Estudante do acaso

Mesmo com a vida acadêmica de férias, sempre tem estudantes perdidos por aí. Andando com as mesmas mochilas, cadernos, livros e um fone pendurado. A caminho do trabalho, uma jovem, bonita, me pergunta se o ônibus vai para a universidade. Respondo que sim e volto a ouvir minhas músicas baderneiras, que, na verdade, não passam de uma bela playlist love songs internacional dos anos 90, daquelas que anunciavam uma coletânea em cd, no intervalo da novela das oito, que sempre começava as nove.

 Entre um “Listen to your heart” de Roxette e “I miss you” de Haddaway, sou cutucado novamente pela jovem.

“Você pode pagar a passagem pra mim?”

Penso, mas não consigo refletir porque ela não pode pagar a própria passagem.

“Meu cartão está zerado. Não tenho dinheiro”

“Tudo bem.”

“Eu te faço um pix com o valor da passagem.”

“Beleza. É o meu telefone.”

Dou meu número para receber o valor devido e sou novamente interrompido.

“Você pode rotear a internet? Não estou conseguindo acessar os dados móveis.”

“Olha, deixa pra lá. Não precisa me pagar, tá bom? Tá tudo certo.”

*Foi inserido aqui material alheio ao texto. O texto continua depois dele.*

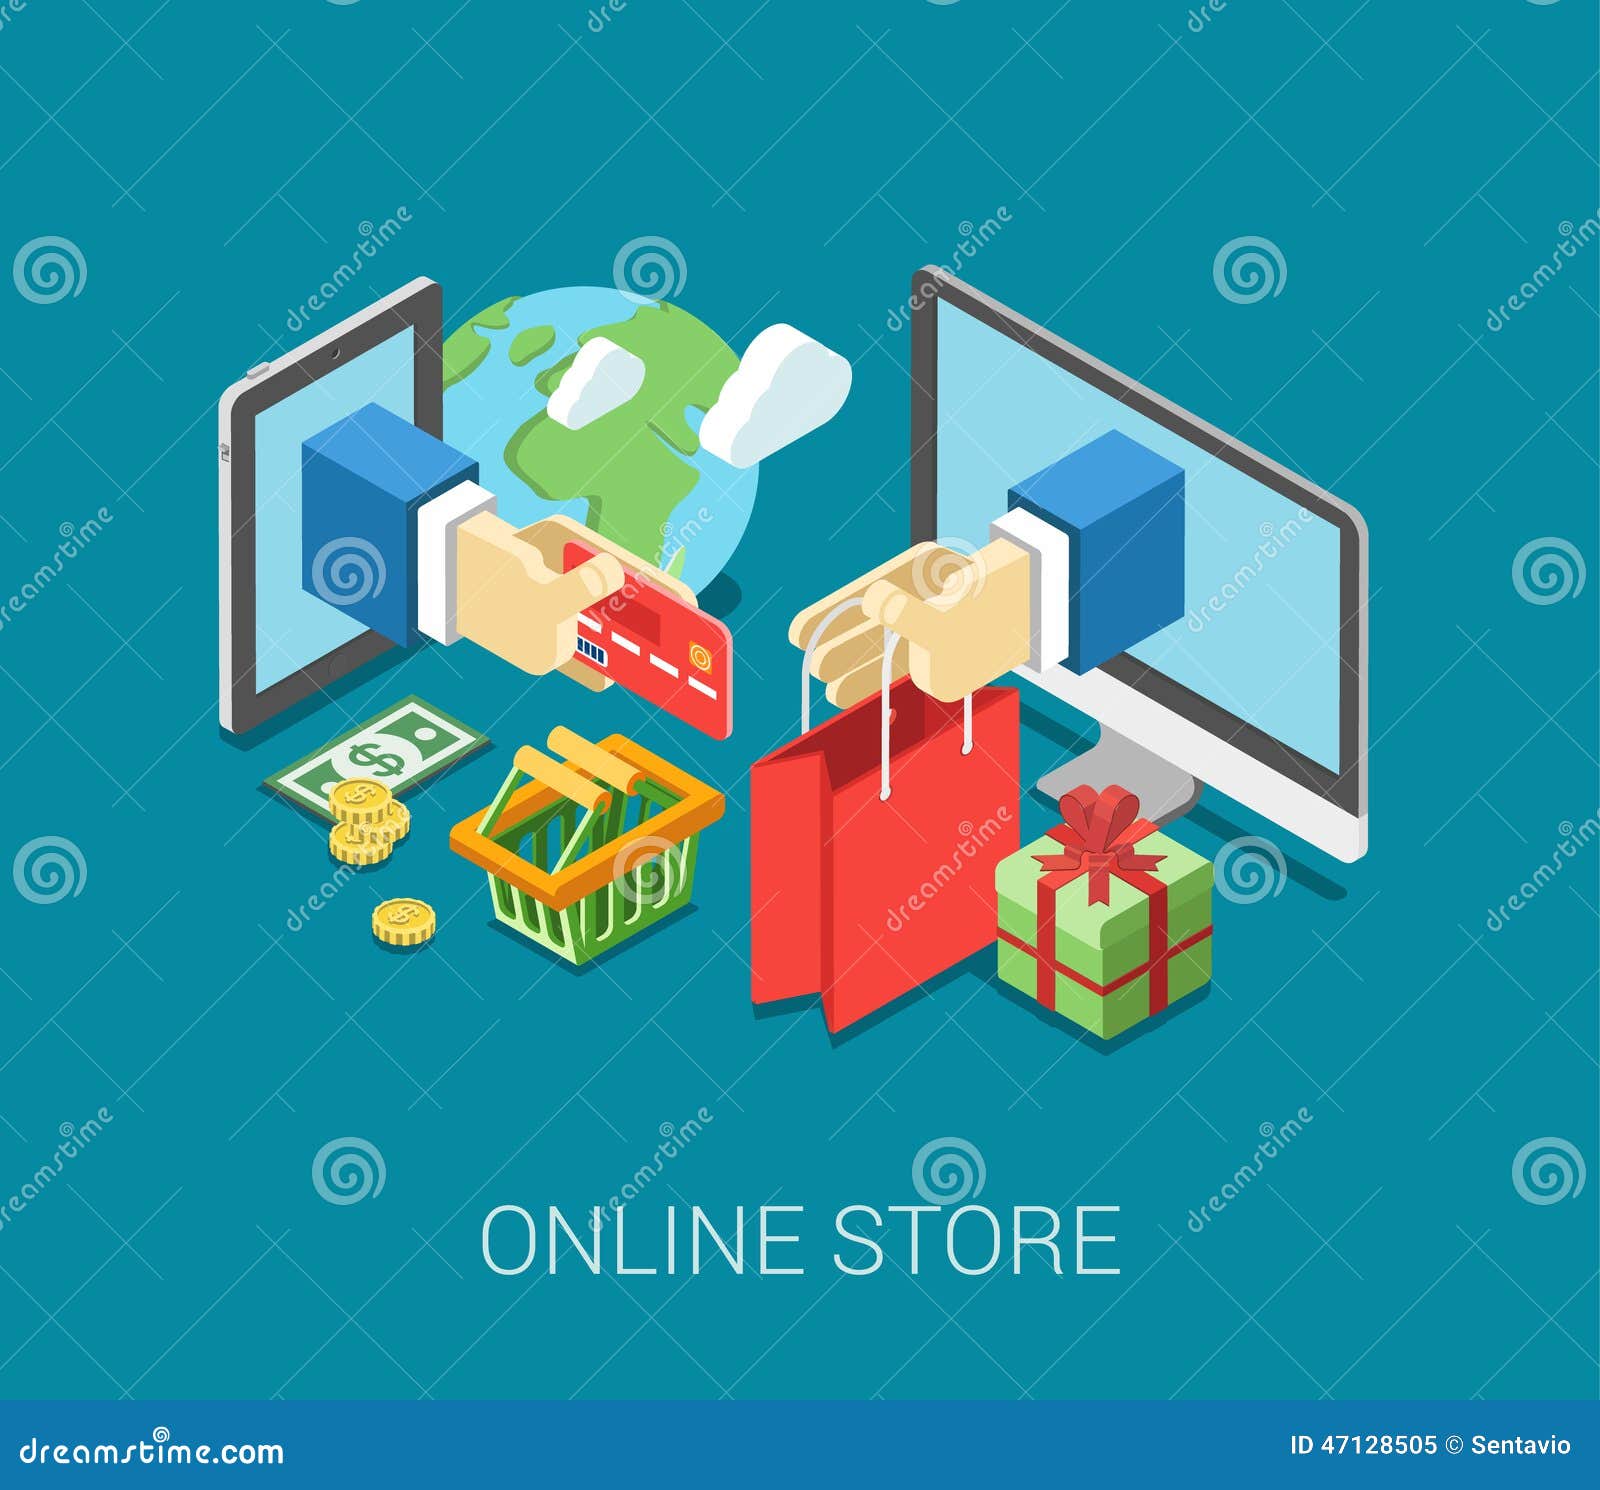 flat-d-isometric-online-store-e-commerce-web-infographic-concept-vector-internet-sale-shopping-cart-payment-checkout-gift-box-hand-47128505.jpg

“Vou pagar sim, assim que eu conseguir, lhe envio um WhatsApp com o comprovante.”

Perdi as duas músicas, me resta a terceira e última canção durante o trajeto curto entre a rodoviária e a universidade. Desta vez, para fechar o ápice da viagem aumento o volume para viajar nas imagens de “Heaven” de Bryan Adams, minha mãe dizia que essa era a música de dançar coladinho no baile, quem sabe eu fui confeccionado através dessas músicas, talvez isso explique o interesse.  

“Esse ônibus passa onde?”

“Como assim?”

“Eu preciso ir no ICC.”

“Qual local? É o maior prédio, tem um quilômetro e meio.”

“Eu não sei.”

“Então desce na parte sul e atravessa andando por dentro, aproveita e admira os jardins internos.”

A cobradora, acompanhando o dialogo, se intromete.

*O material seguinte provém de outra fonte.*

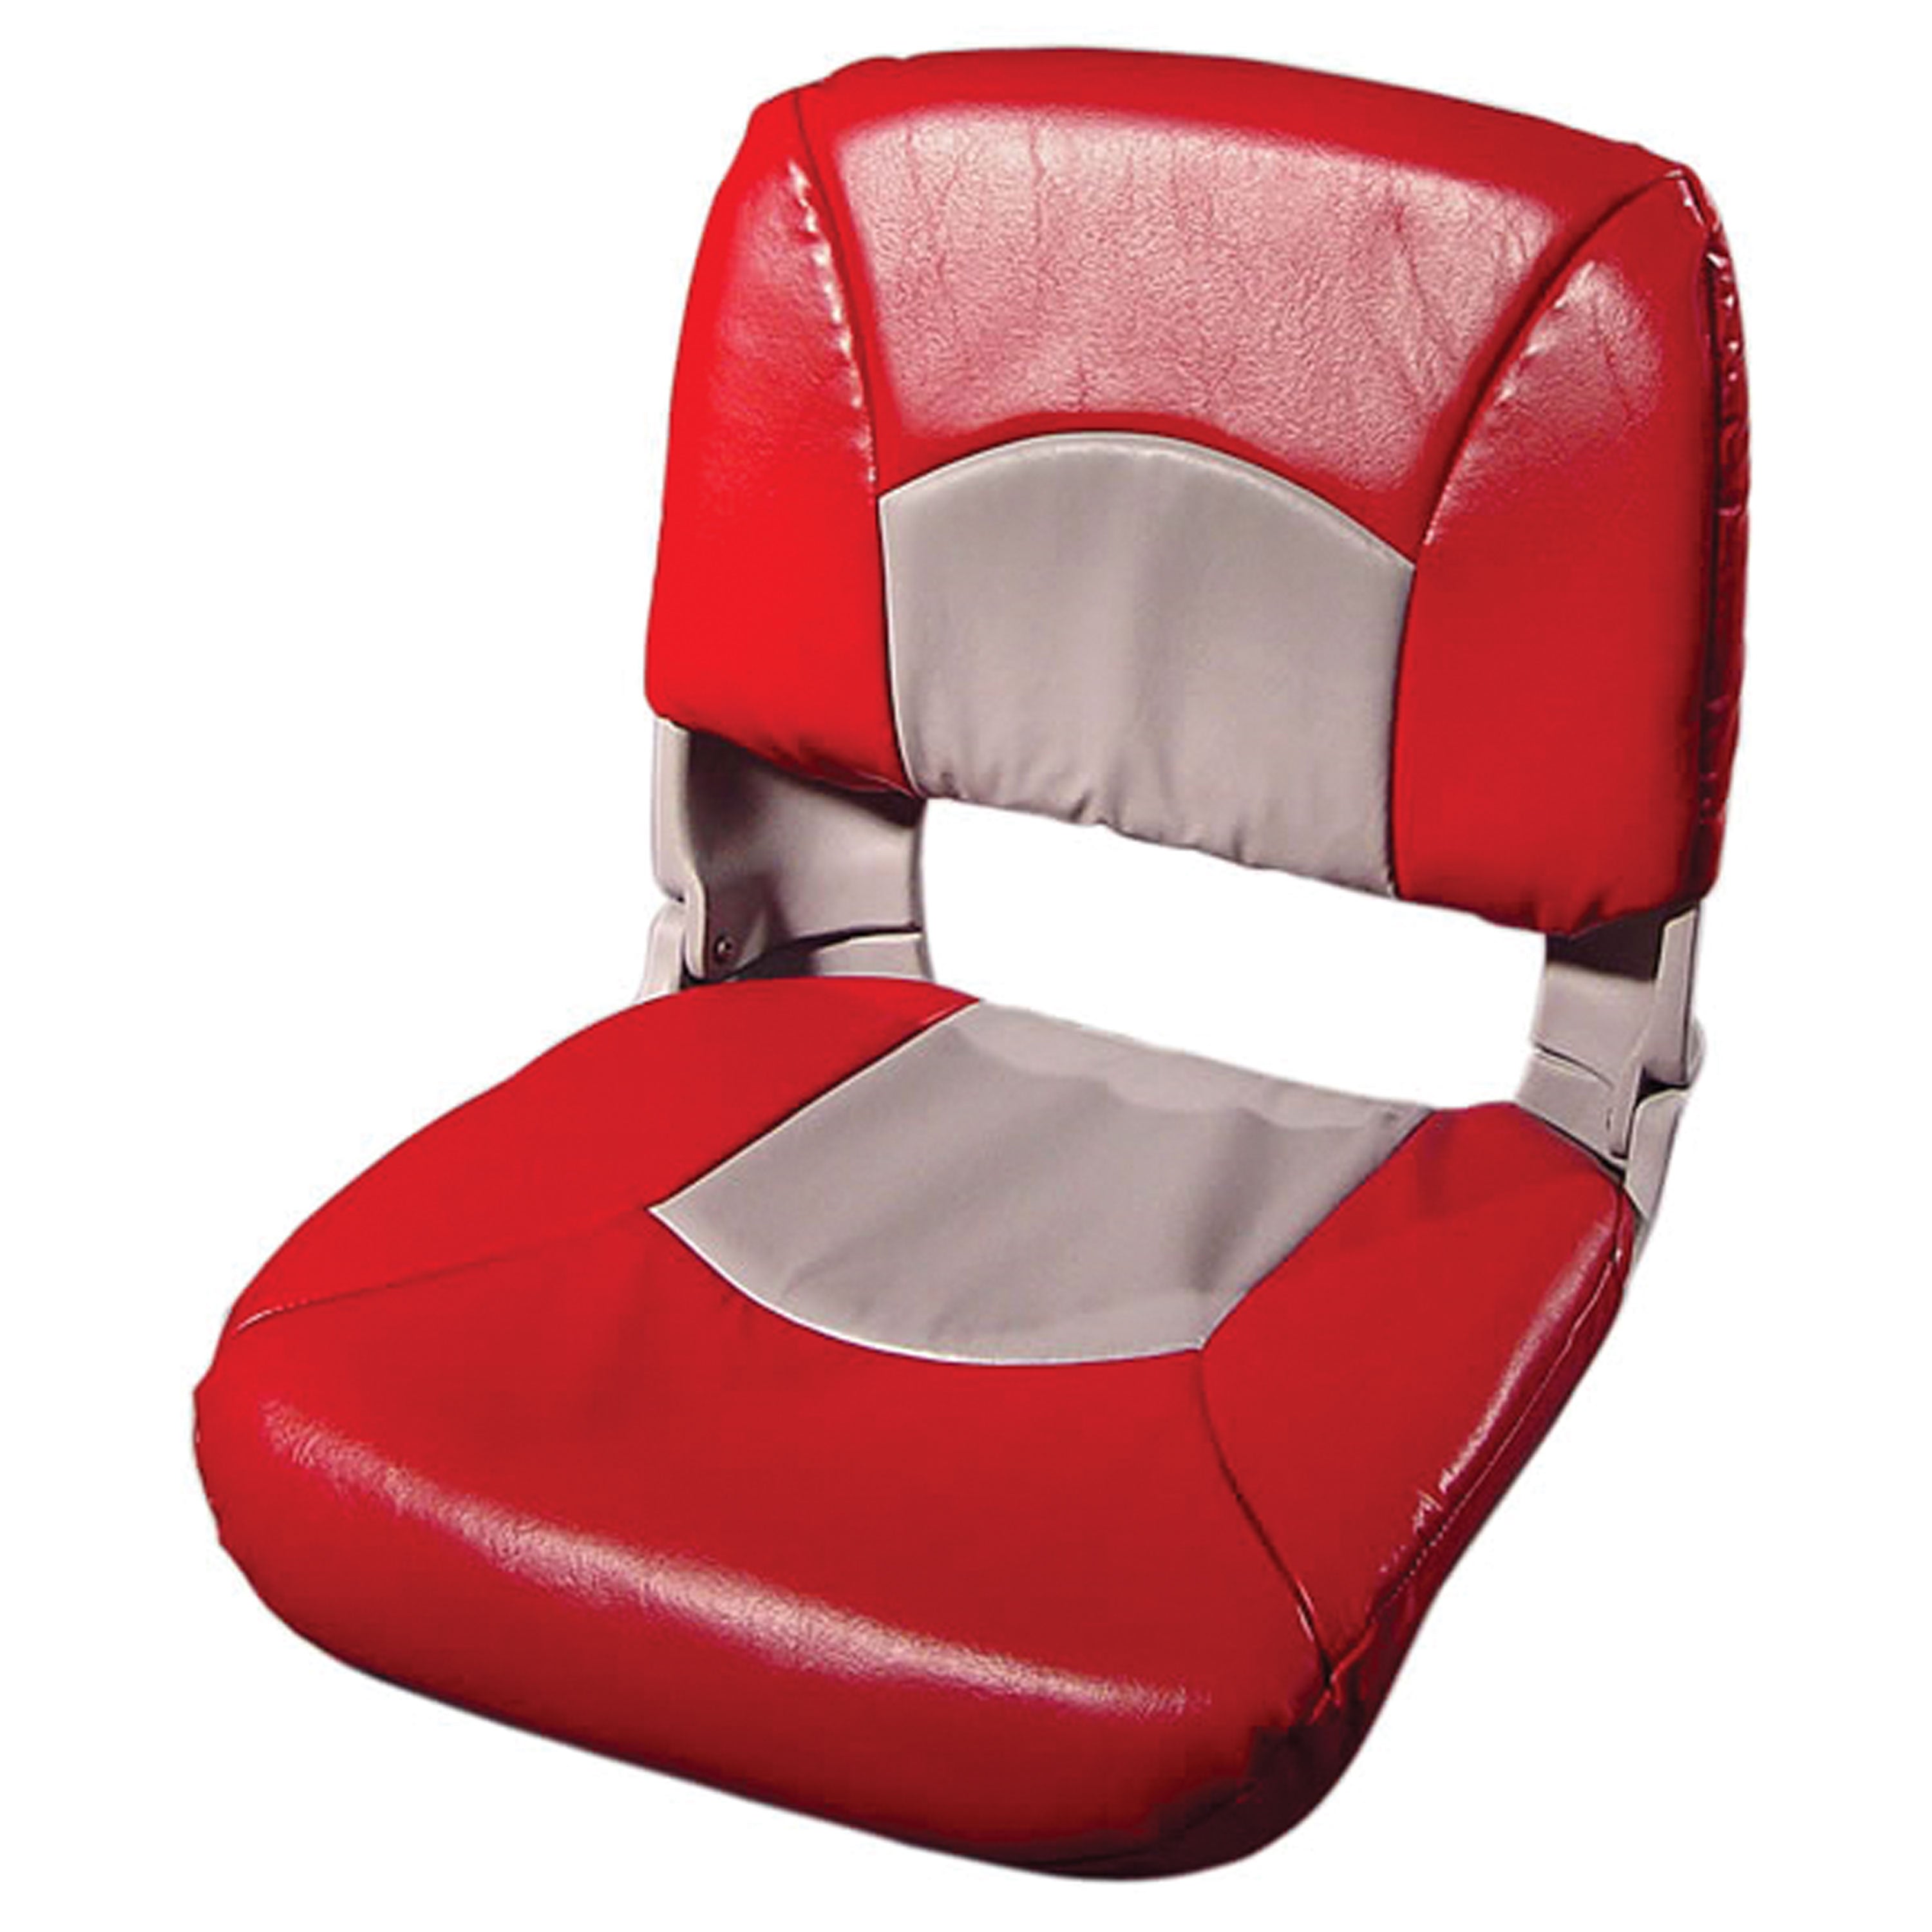 Tempress 45611 All-Weather High-Back Boat Seat - Red/Gray

“Não tem nada de bonito na universidade.”

A conversa nem lhe dizia respeito e ninguém lhe havia solicitado sua opinião.

“Desça do ônibus a senhora também e caminhe, algum espaço lhe agradará.”

Respondi com educação, mas o cão raivoso que habita dentro de mim estava doido para dar um passa fora naquela mexeriqueira. Eu gosto de ouvir conversa, mas não opino na vida de ninguém. Bom ou ruim, é tudo uma questão de ponto de vista. Talvez por ela estar sempre do lado do sol durante a tarde, lhe incomode trabalhar nesta rota, mas talvez ela apenas não goste por uma construção de estigma que lhe foi empurrada. Certo ou não, cabe a cada um escolher e respeitar a visão do outro. 

Por fim, desço no meu ponto sem ouvir a terceira última música, nada mais pode me tirar o foco de chegar no trabalho.

“Oi? Licença?”

Olho para trás, lá está a menina, deve ser algum tipo de espiã ou uma jagunça da Francineide, uma garota que não beijei na quarta série e que me prometeu uma surra por não cumprir o combinado.

“Por que você desceu nesse ponto? Era no próximo.”

“Você deixou seu casaco no ônibus.”

Pego pelo acaso, agradeço, convido para um café na repartição, pelo jeito, a moça ainda iria me pedir mais alguma coisa, melhor seria bater o ponto e sentar um pouco.